Разумеется, на его замечание, отпущенное исключительно с целью вывести меня из себя, я и не подумала обращать внимание. Поскольку Эмерсон сам завел разговор, я решила выбить из него все здесь и сейчас.
– Зачем тебе понадобился личный слуга? Ты ведь даже в Англии прекрасно обходишься своими силами. С какой стати брать камердинера в Лук-сор?
– Я имею в виду... – начал Эмерсон.
Его перебил Джон:
– Прошу вас, сэр, прошу вас, мадам! От меня будет прок, честное слово. Я могу подметать гробницы и чистить вам обувь. Уверен, из-за песка обувь там надо часто чистить...
– Прекрасно, прекрасно, – похвалил Эмерсон. – Значит, решено! Уилкинс, что вы, черт возьми, медлите? Я умираю от голода.
Уилкинс даже глазом не моргнул. Судя по всему, его поразила какая-то редкая болезнь и он потерял способность двигаться.
– Джон, поставьте блюдо на стол, – покорно сказала я. – И уведите мистера Уилкинса.
– Да, мадам. Спасибо, мадам. О, мадам...
– Поторопитесь, Джон.
С виду Джон – человек солидный, но на самом деле он очень молод, и на его юном лице отражаются все чувства. Когда Джон возбужден, лицо его багровеет; когда он одержим недобрыми предчувствиями, то становится бледнее савана. Сейчас его пухлые щеки окрасились нежным румянцем – верный признак, что Джон на седьмом небе от счастья. Подхватив своего окаменевшего босса под локоть, он вытащил его из столовой.
Эмерсон набросился на мясо, старательно избегая моего взгляда.
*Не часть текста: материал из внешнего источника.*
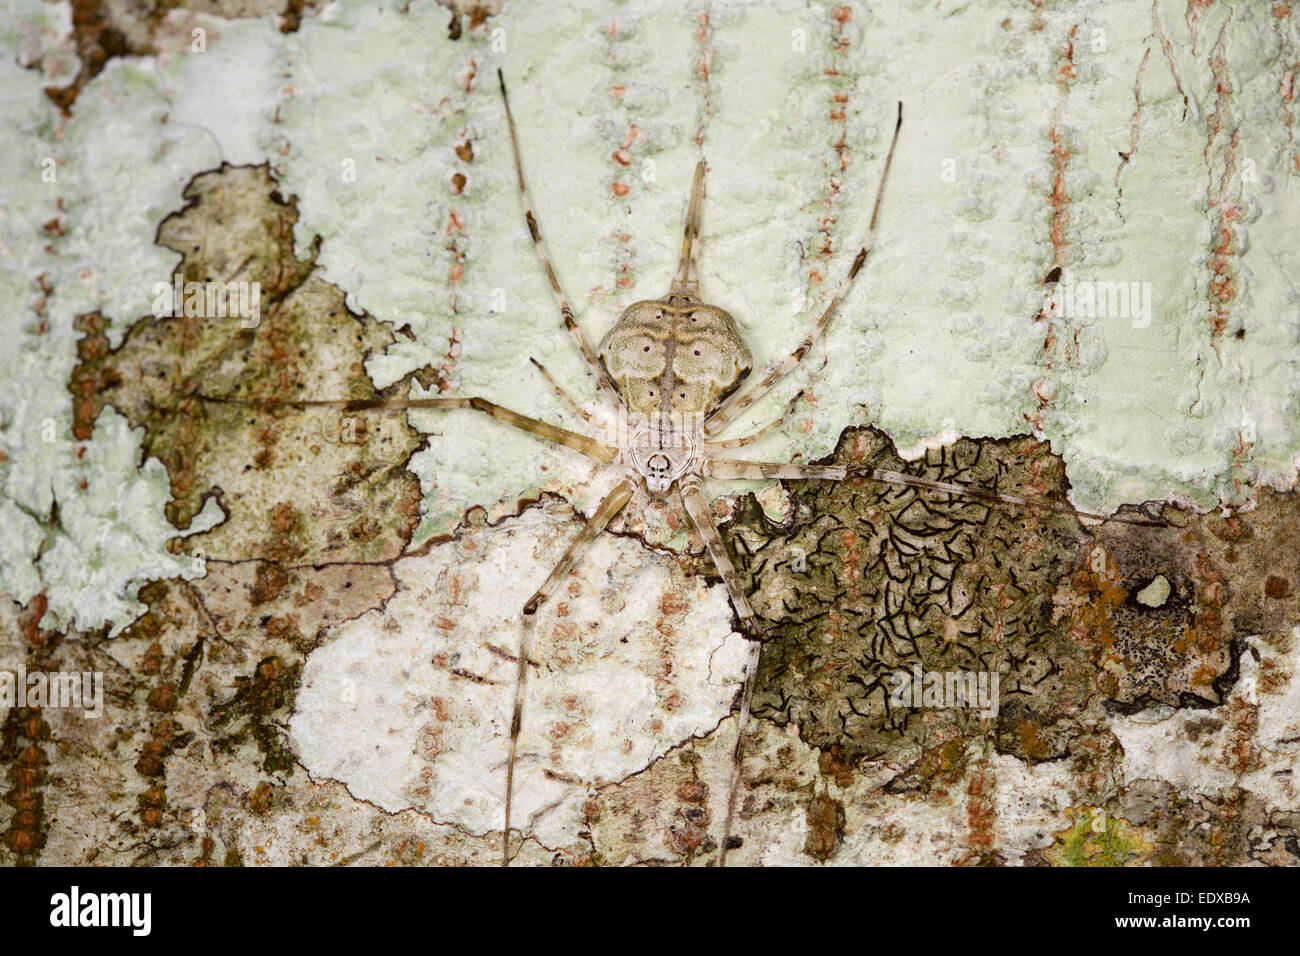 L'Hersilia (ou Long-spinnered les araignées de l'écorce) sont un genre d'araignées dans le tronc de l'arbre de famille Hersiliidae. Ils sont parfois kn Banque D'Images

Но в изгибе его губ угадывалось самодовольство, всегда выводившее меня из себя.
– Если ты считаешь тему закрытой, то глубоко заблуждаешься, – ледяным тоном заговорила я. – Честное слово, Эмерсон, ты должен стыдиться. Неужели так никогда и не научишься себя вести?! Из-за тебя бедного Уилкинса поразил столбняк, а доверчивый Джон теперь убежден, что ему предстоит захватывающее путешествие.
– Будь я проклят, если стану извиняться перед Уилкинсом, – довольно чавкнул Эмерсон. – Чей это дом, в конце концов, мой или этого напыщенного типа? Если в своем собственном доме я не могу говорить что хочу...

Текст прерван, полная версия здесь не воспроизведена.